Studi Kasus sendiri adalah pengujian intensif, menggunakan berbagai sumber (yang bisa jadi kualitatif, kuantitaif atau kedua – duanya). Pada umumnya, studi kasus dihubungkan dengan sebuah lokasi “kasusnya’ mungkin sebuah organisasi,sekumpulan orang seperti kelompok kerja atau kelompok sosial, peristiwa, proses isu maupun kampanye” (Daymond and Immy:2008: 4)

Penelitian Kualitatif memiliki karakteristik sebagai berikut: (1) data penelitian diperoleh secara langsung dari lapangan, dan bukan dari laboratorium atau penelitian yang terkontrol; (2) penggalian data dilakukan secara ilmiah,melakukan kunjungan pada situasi – situasi alamiah subjek; dan (3) untuk memperoleh makna baru dalam bentuk kategori – kategori jawaban, periset wajib mengembangkan situasi dialogis sebagai situasi ilmiah. (Agus Salim:2006: 4)

Sedangkan ditinjau dari pendekatannya maka termasuk ke dalam penelitian studi kasus, dimana hasil penelitian ini nantinya tidak dapat digeneralisasikan ke tempat lain, sebab hasil penelitian hanya berlaku pada situasi dan kondisi yang ada pada saat itu. Jadi bila akan diadakan penelitian yang sama, maka akan harus disesuaikan dengan situasi dan kondisi yang baru. Penelitian ini adalah one-case multilevel analysis, dimana PLIK sebagai obyek kasusnya dan level analisis yang digunakan adalah multi level analisis dimana obyek analisisnya adalah pengelola dan masyarakat di wilayah perdesaan.

Studi kasus merupakan strategi yang lebih cocok bila pokok pertanyaan suatu penelitian berkenaan dengan how and why. Bila penelitiannya memiliki sedikit peluang untuk mengontrol peristiwa – peristiwa yang akan diselidiki dan bilamana fokus penelitiannya terletak pada fenomena kontemporer (masa kini) di dalam kehidupan nyata.

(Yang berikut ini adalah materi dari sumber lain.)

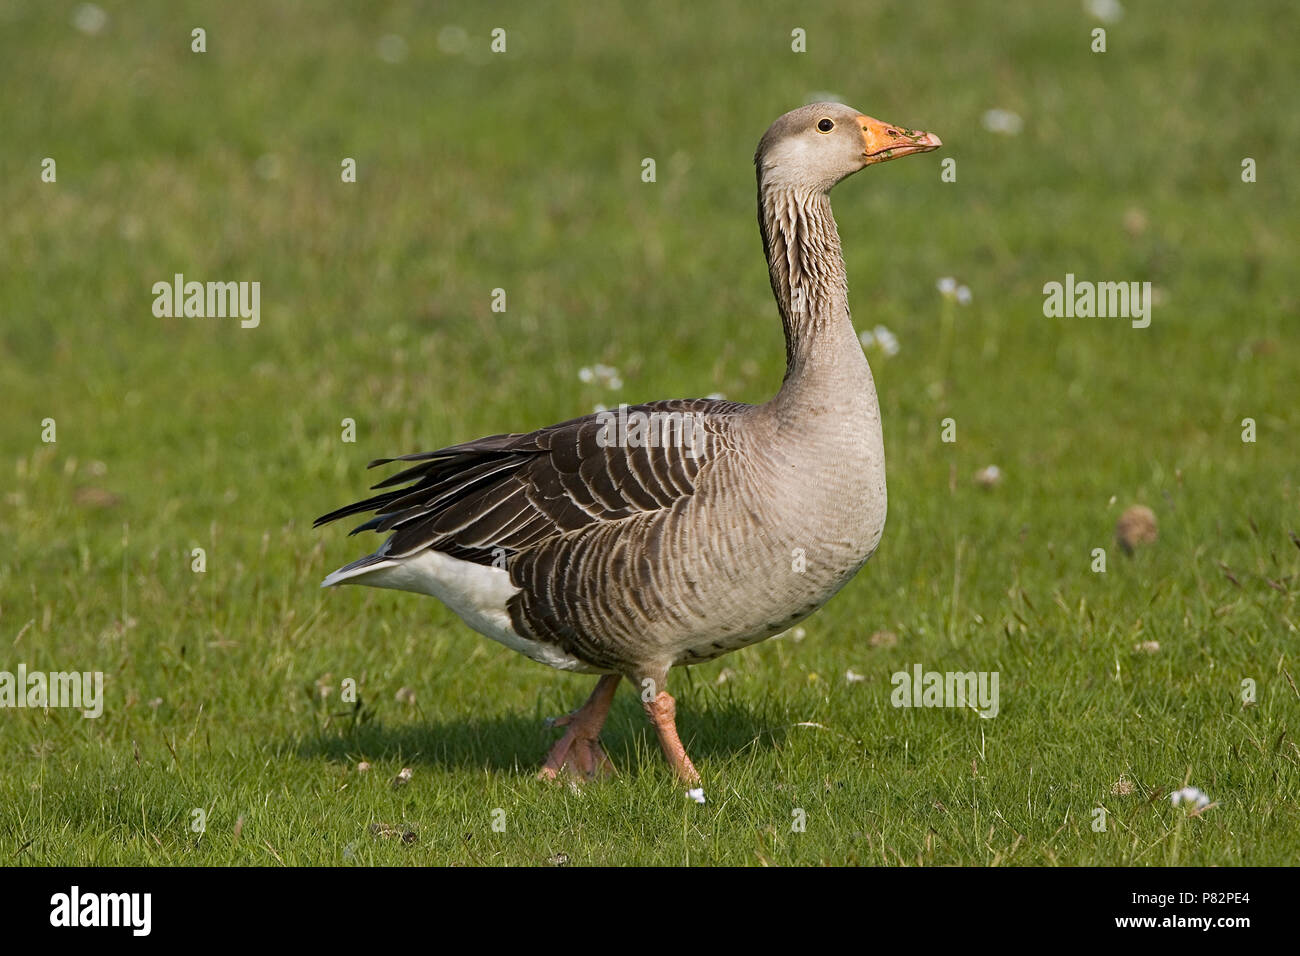 Greylag Goose standing on grass; Grauwe Gans staand op gras Stock Photo
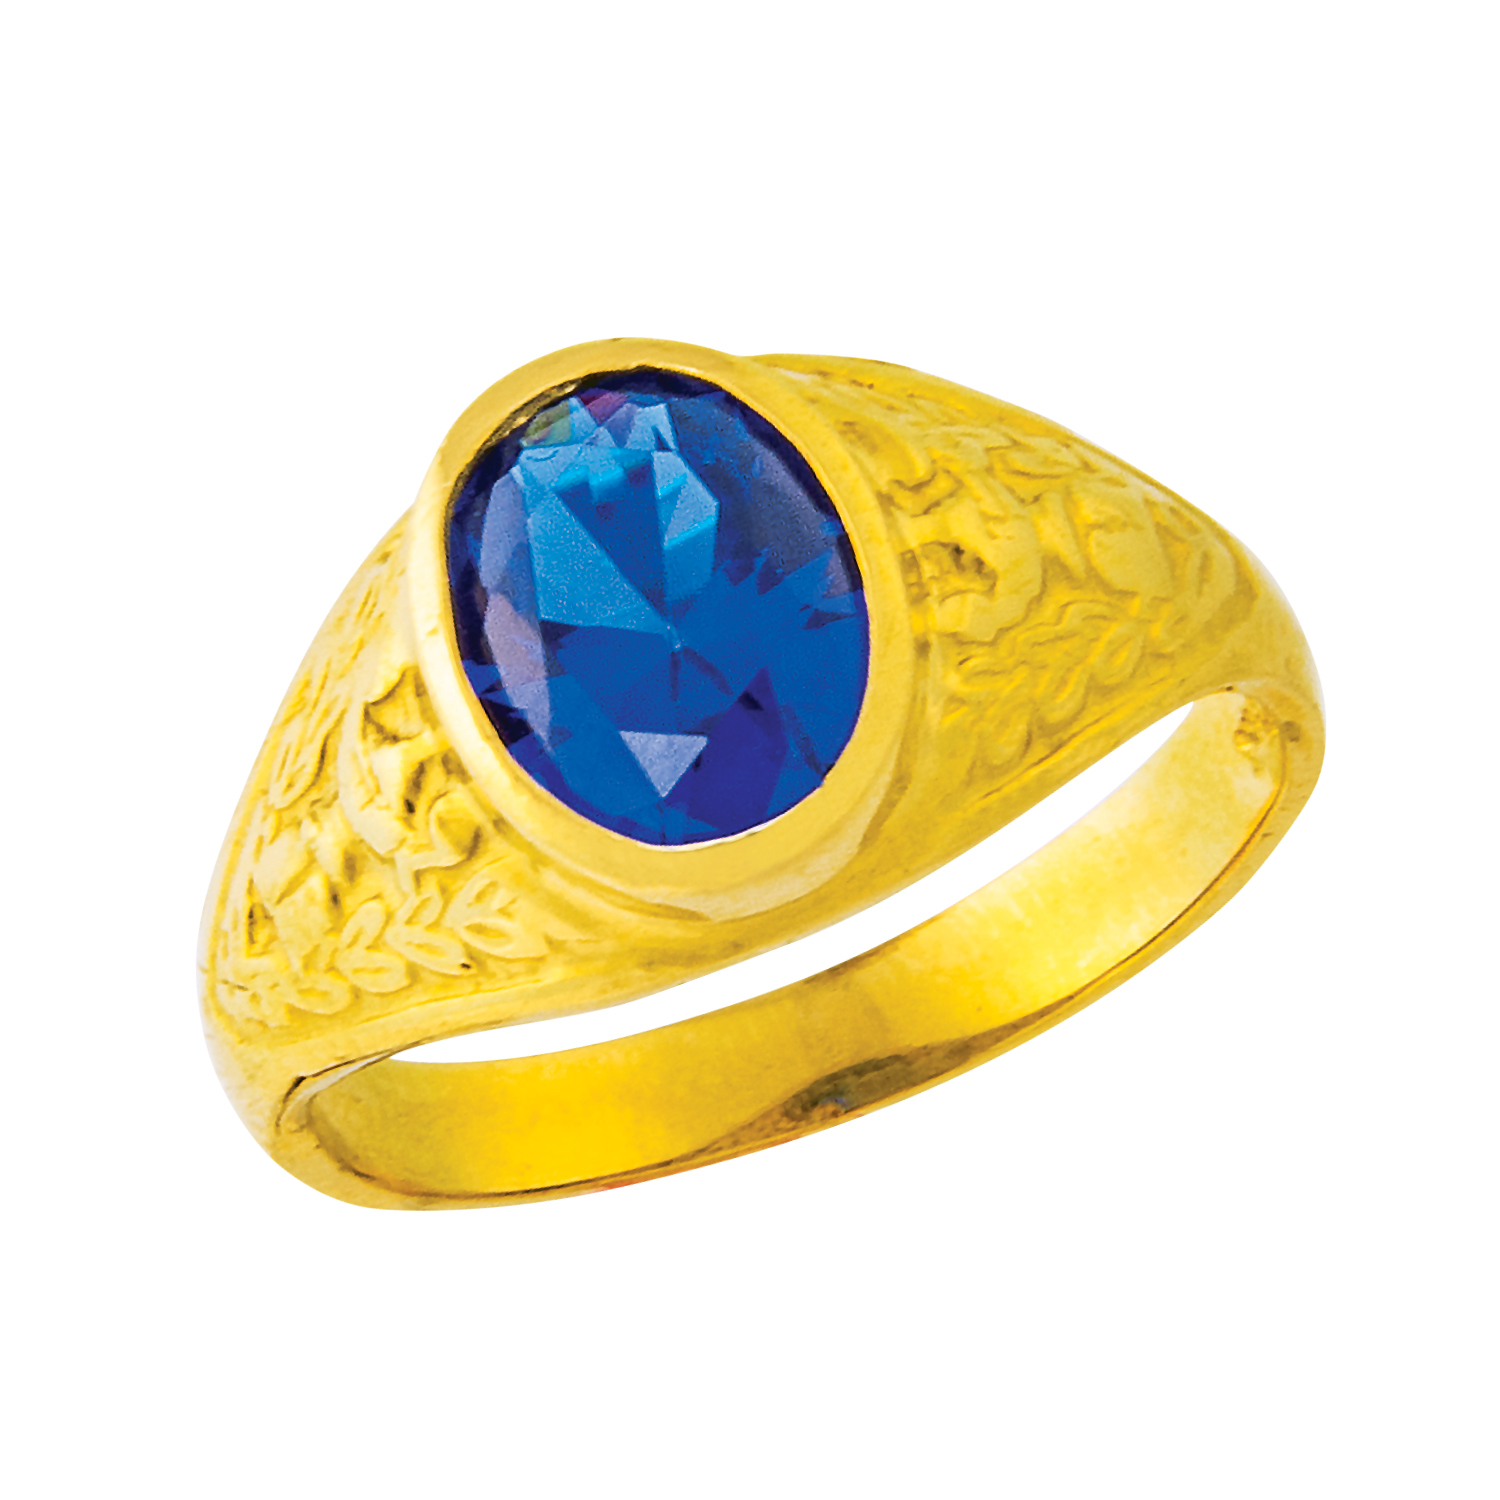 22k Kids Stone Ring(Baby Girl) - BjRi10619 - 22k gold baby gold ring in  filigree design with single stone (CZ) studded at the center design. App

Menurut Christine Daymon & Immy Holloway 2008:161) Studi Kasus adalah pengujian intensif, menggunakan berbagai sumber bukti

(5)

terhadap satu entitas tunggal yang dibatasi oleh ruang dan waktu. Pada umumnya studi kasus dihubungkan dengan sebuah lokasi.”Kasusnya” mungkin sebuah organisasi,sekumpulan orang seperti kelompok kerja atau kelompok sosial,komunitas,peristiwa,proses,isu, maupun kampanye. Studi Kasus adalah metode riset yang menggunakan berbagai sumber data (sebanyak mungin data) yang bisa digunakan untuk meneliti, menguraikan dan menjelaskan secara komprehensif berbagai aspek individu, kelompok, suatu program, organisasi atau peristiwa secara sistematis. Penelaahan berbagai sumber data ini,membutuhkan berbagai macam instrumen pengumpulan data. Karena itu, periset dapat menggunakan wawancara mendalam, observasi partisipan, dokumentasi- dokumentasi, kuesioner (hasil survey), rekaman, bukti-bukti fisik lainnya. (Krisyantono,2006:65)

Menurut creswell (1998:61-63) a case study is an explotion of “bounded system” or a case (or multiple case) over time through detailed,in-depth data collection involving multiple sources of informations rich in context.

The type of analysis of these data can be a holistic analysis of the case or an embedded analysis of a specific aspect of the case (Yin,1989). Through this data collection, a detailed description of the case emerges,as do an analysis of themes or issues and interpretation or assertions about the case by researcher.

Sementara itu, Yin (2006:18) memberi batasan mengenai studi kasus sebagai riset yang menyelidiki fenomena di dalam konteks kehidupan nyata, bilamana batas – batas antara fenomena dan konteks tak tampak dengan jelas dan dimana multisumber dimanfaatkan.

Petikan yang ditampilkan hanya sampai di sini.